— А вот это — правильное решение, лейтенант. Посему, слушай боевой приказ: бери своих ребят — и дуй на поиски КП майора Куникова. Группа у вас боевая, воюете отменно, справитесь. Доложишь о нашем прибытии и трофейной машинке. А мы уж тут как-нибудь продержимся. Пулемет только оставьте, нам он нужнее. И трофейные боеприпасы тоже. Все ясно?

— Так точно, понял. Сделаем.

— Сделай, старлей! Не сомневаюсь в тебе. Да, вот еще — шифромашину мы в подполе спрячем, для надежности. Вдруг что с нами — вернетесь, отыщете.

Приказ Степану не понравился, но и смысла спорить он не видел. Правильный приказ. Сидеть в доме с раненым комбатом, дожидаясь у моря погоды, глупо, нужно поскорее установить связь с местным командованием, скоординировать дальнейшие действия. Равно, как и вообще понять, что вокруг происходит. Послевоенные мемуары — это, конечно, здорово, но хорошо бы и самостоятельно обстановку оценить. Хотя, и без того понятно, что поселок сейчас — самый настоящий слоеный пирог, в котором немцы чередуются с нашими, и наоборот.

— Мужики, приказ понятен? — морпех оглядел сосредоточенно выслушавших его Аникеева с Левчуком.

— Чего ж тут непонятного? — спокойно пожал плечами старшина. — Нормальное задание. Сейчас выходим?

Ванька же в ответ только кивнул, сильно, аж костяшки пальцев побелели, сжав приклад пистолета-пулемета. Глаза рядового тревожно посверкивали из-под низко надвинутой исцарапанной каски, и Степан отчего-то не мог понять, чего в этом взгляде больше — упорно скрываемого страха, или наоборот — отчаянной решимости и желания действовать.

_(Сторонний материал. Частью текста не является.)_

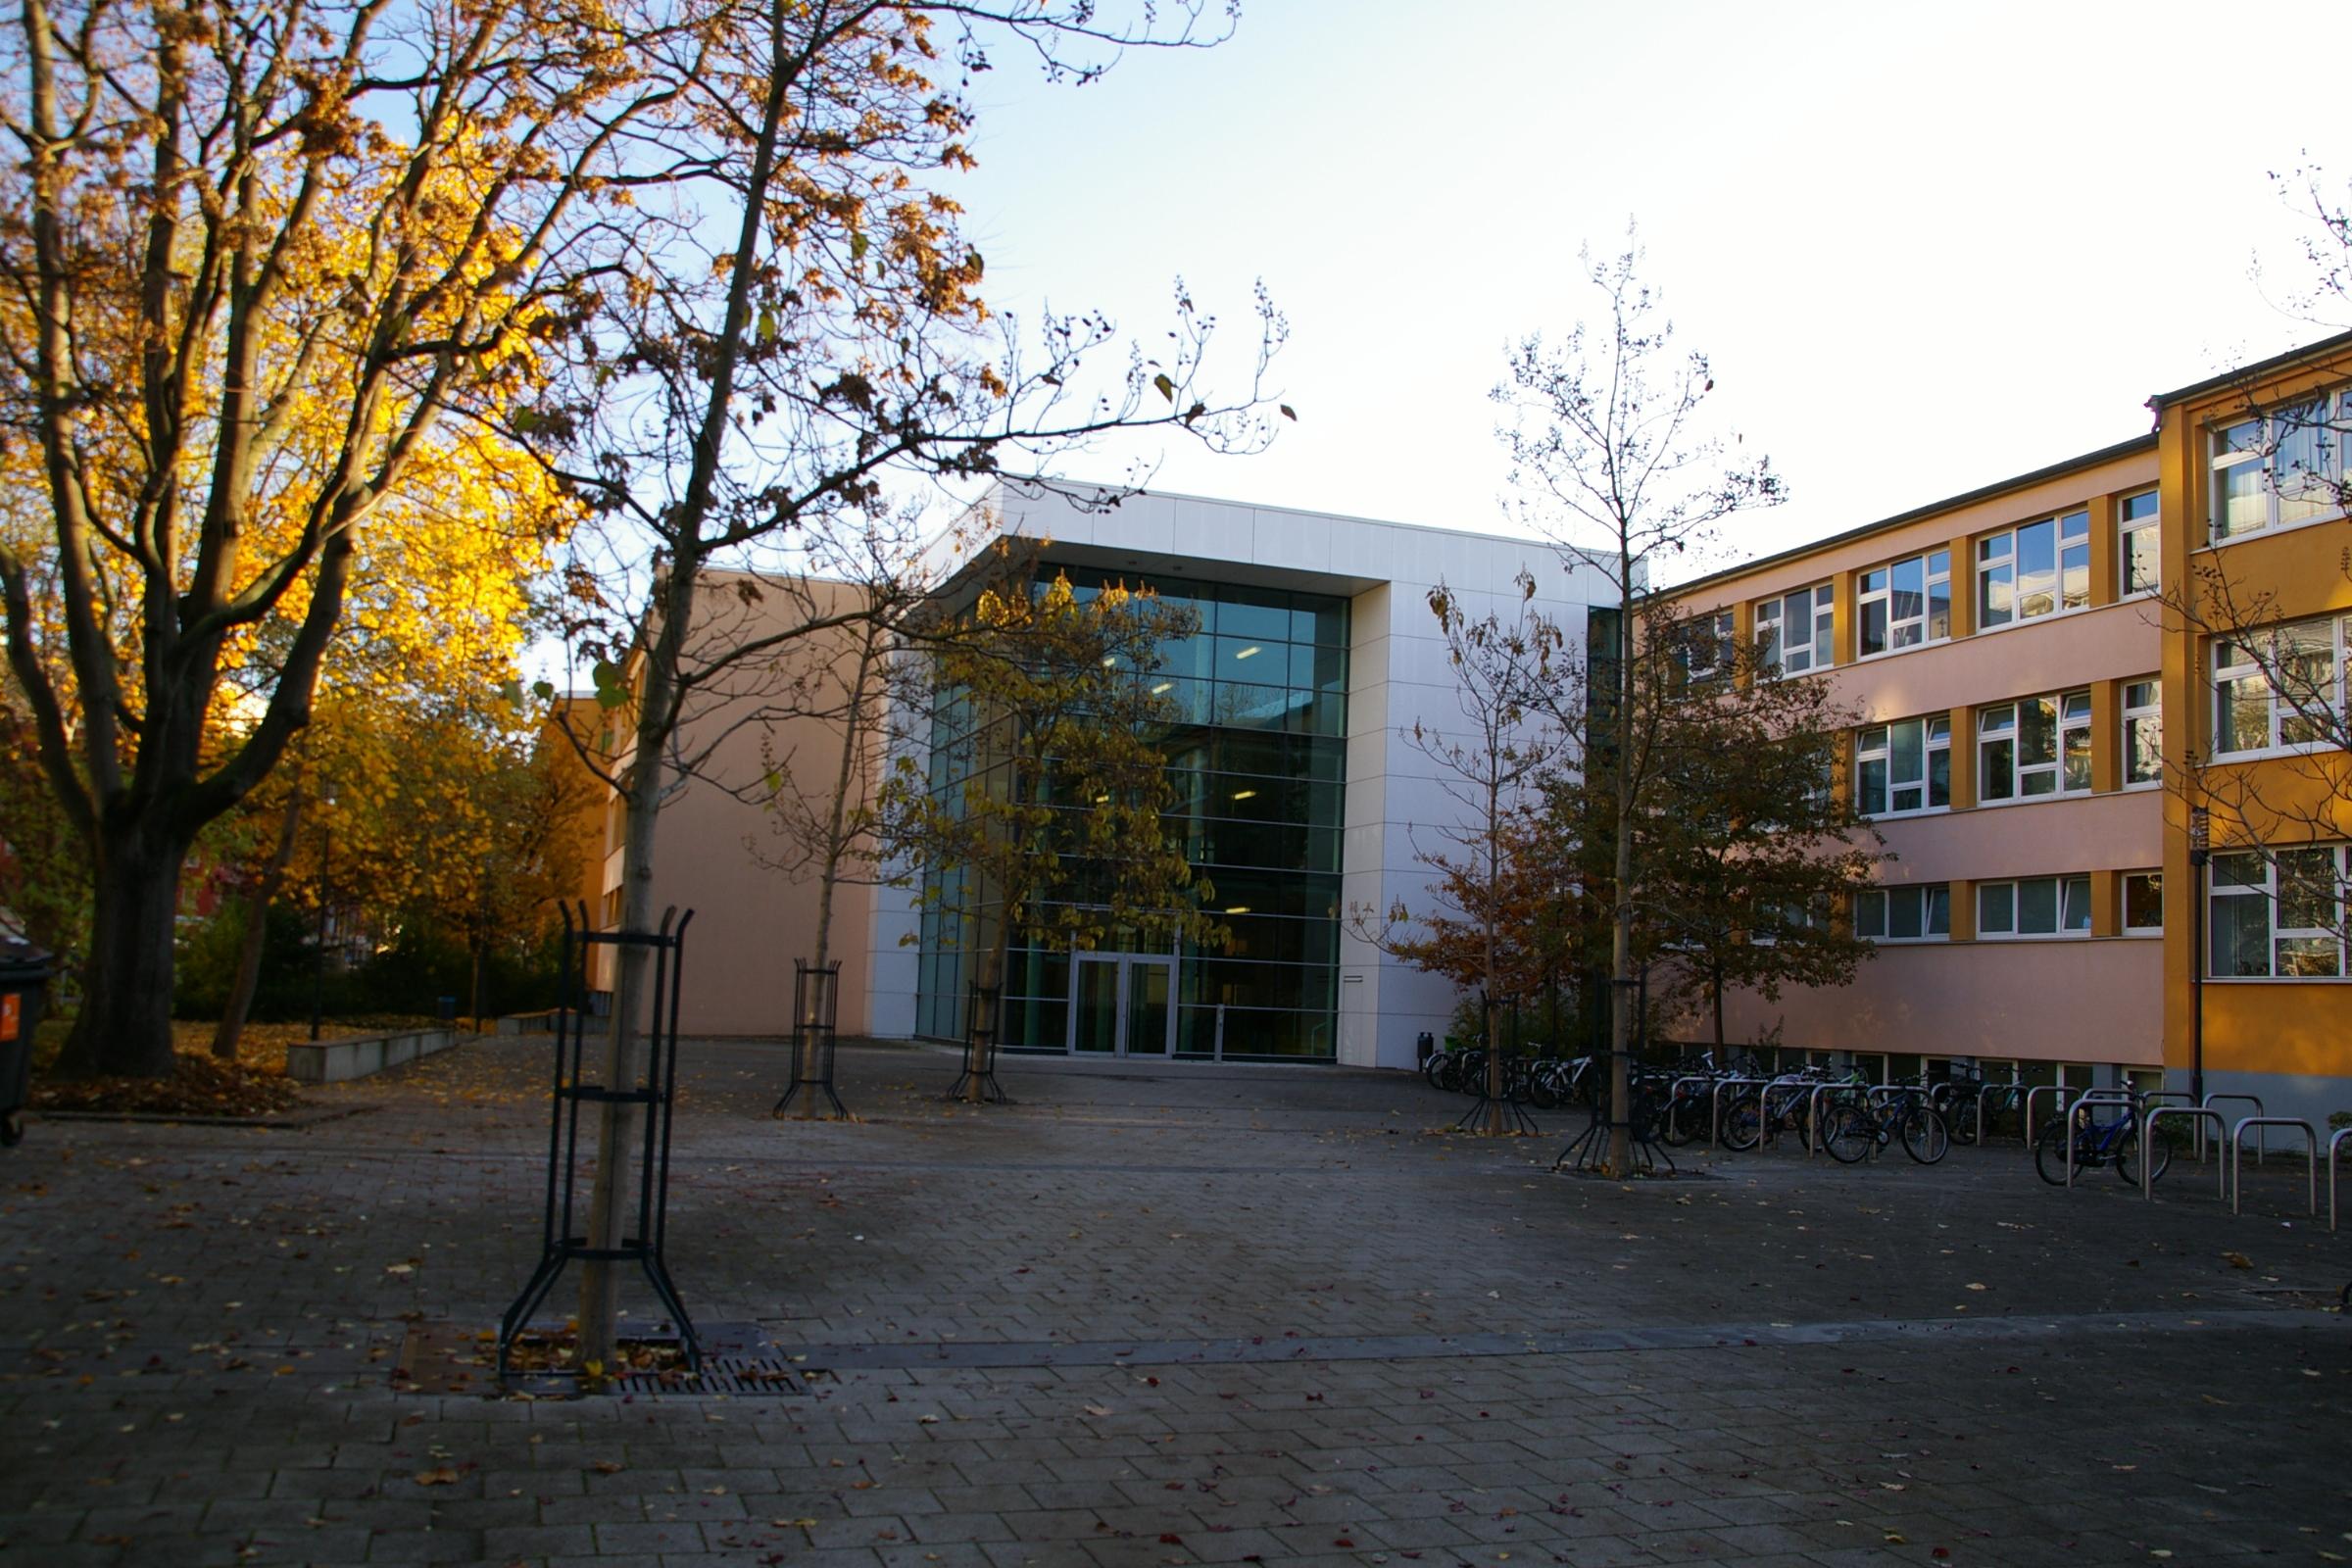 101. Oberschule Dresden

— Считай, уже ушли. Снарягу подгоните и попрыгайте на всякий пожарный, шуметь нам никак нельзя. Двинулись…

К тому времени, когда тройка разведчиков покинула хату, окружающий бой понемногу утих, сместившись куда-то на соседние улицы. Дымящиеся, с провалившимися крышами, дома хмуро провожали бойцов темными провалами окон, чадно догорал бронетранспортер. Ночное небо перечеркивали разноцветные трассеры, с разных сторон слышалась ружейно-пулеметная стрельба, над головой повисали уже успевшие вызвать у старлея стойкую неприязнь осветительные ракеты. Вдалеке рокотали танковые моторы, хлестко бухали башенные орудия, но определить, чьи именно, Степан не мог. Может, советские легкотанки все еще воюют, может, немецкие панцеры. Как их разобрать, если он всего-то вторые сутки на войне? Винтовочный выстрел от автоматного, что нашего, что фашистского, морпех уже научился отличать, а вот с танковыми пушками сложнее. Да и какая разница? В глубине души Алексеев отлично осознавал, что долго три «Стюарта» в уличных боях не провоюют, тем более ночью. Сожгут, скорее всего — как это происходит, он и в Южной Озерейке насмотрелся. Не штурм Грозного в середине девяностых, конечно, но тоже впечатлило. Одна у танкистов надежда, на пехотное прикрытие. Которое в темноте тоже плохо видит, и по которому фрицы долбят из всех стволов да из-за каждого забора. А уж от замаскированной ПТО или удачно подобравшегося вражеского танка — так и вовсе не защитит. Так что с неизбежной потерей «брони» он мысленно смирился, хотя, конечно, и надеялся на лучшее: в реальном бою чего только не случается.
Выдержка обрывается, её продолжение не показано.